Önce sorunları çözün

Çocuklarının yaşananlardan etkilenip mücadeleye katıldığını belirten Güler, çocuklarından birinin 18 yıl önce hayatını kaybettiğini ve daha cenazesinin dahi nerede olduğunu bilemediğini belirtti. Barış Anneleri Meclisi’nde yer alarak yaşanan zulmün sona ermesi için mücadele yürüttüğünü dile getiren Güler, “Biz de insanız, haklarımızı istiyoruz.

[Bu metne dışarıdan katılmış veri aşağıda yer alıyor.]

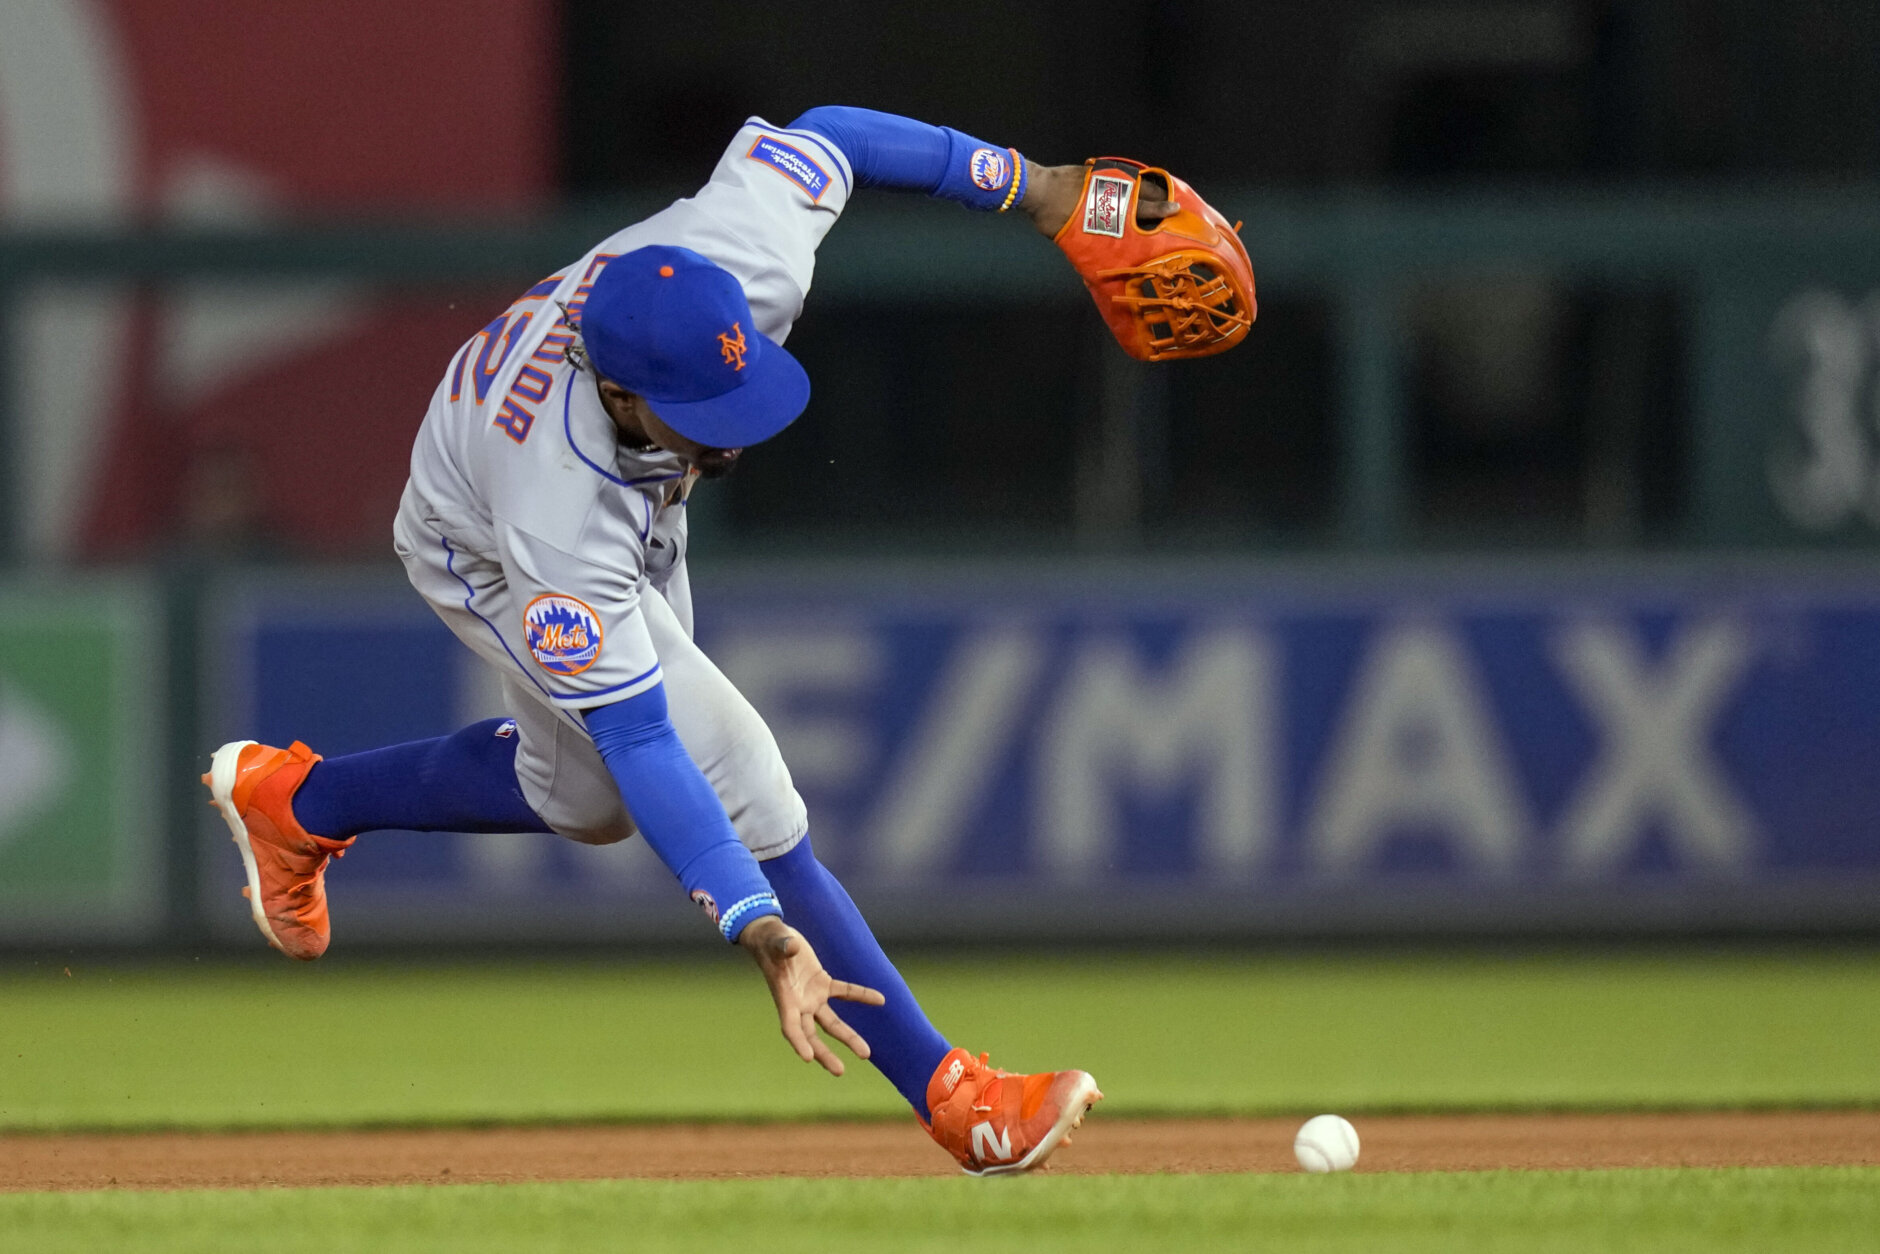 New York Mets shortstop Francisco Lindor fields a ball bare-handed before throwing to first base for the out on Washington Nationals' Keibert Ruiz during the eighth inning of a baseball game at Nationals Park, Friday, May 12, 2023, in Washington. The Mets won 3-2. (AP Photo/Alex Brandon)
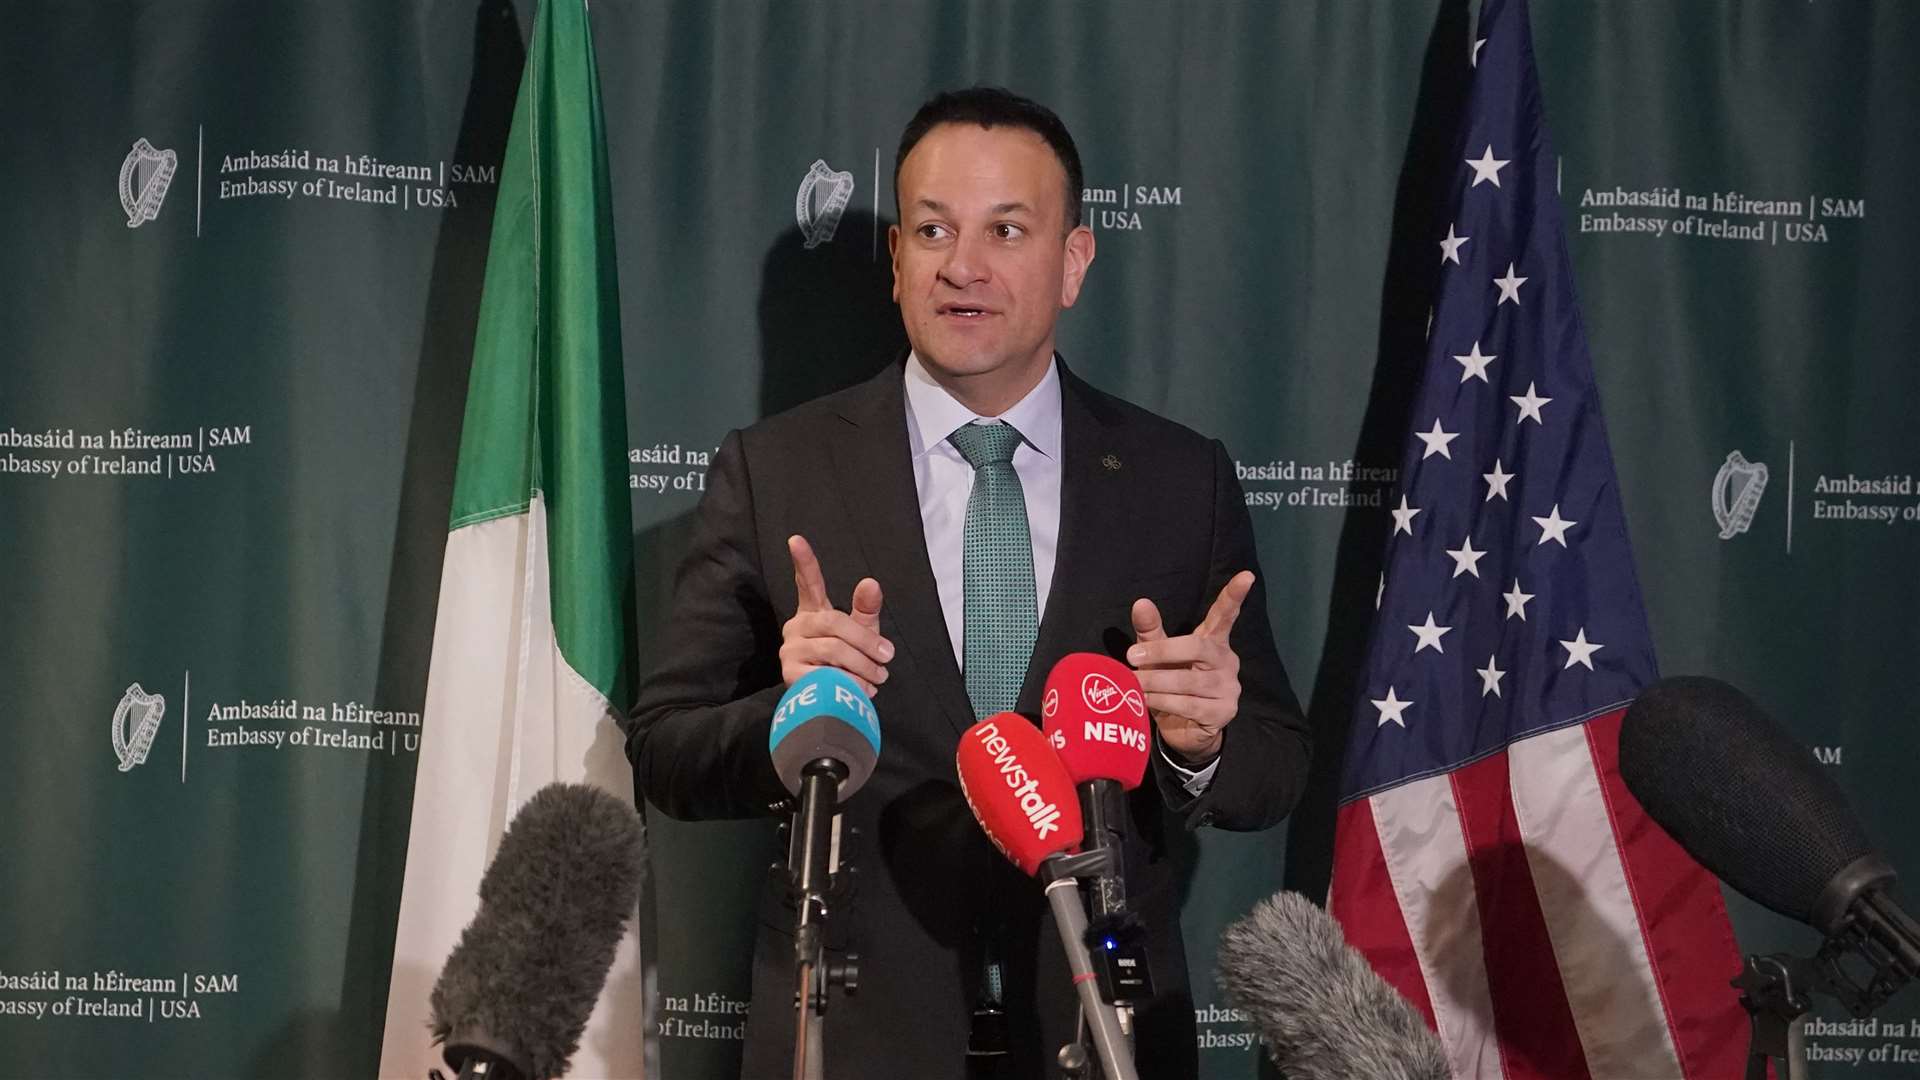 Taoiseach Leo Varadkar speaking in the Senate Room at the Mayflower Hotel in Washington DC earlier in the day (Niall Carson/PA)

Erdoğan başkanlığının derdine düşmüş. Sen önce ülkedeki sorunları çöz ardından neyin derdine düşüyorsan düş. Kürtlerden ne isteniyor? Bir anne için ölen çocuğun Kürt ya da Türk oluşu bir şey değiştirir mi? Yıllardır bu savaşa verilmedik fidan gibi can kalmadı. Yeter artık diyoruz, anneler artık ağlamasın” çağrısında bulunuyor.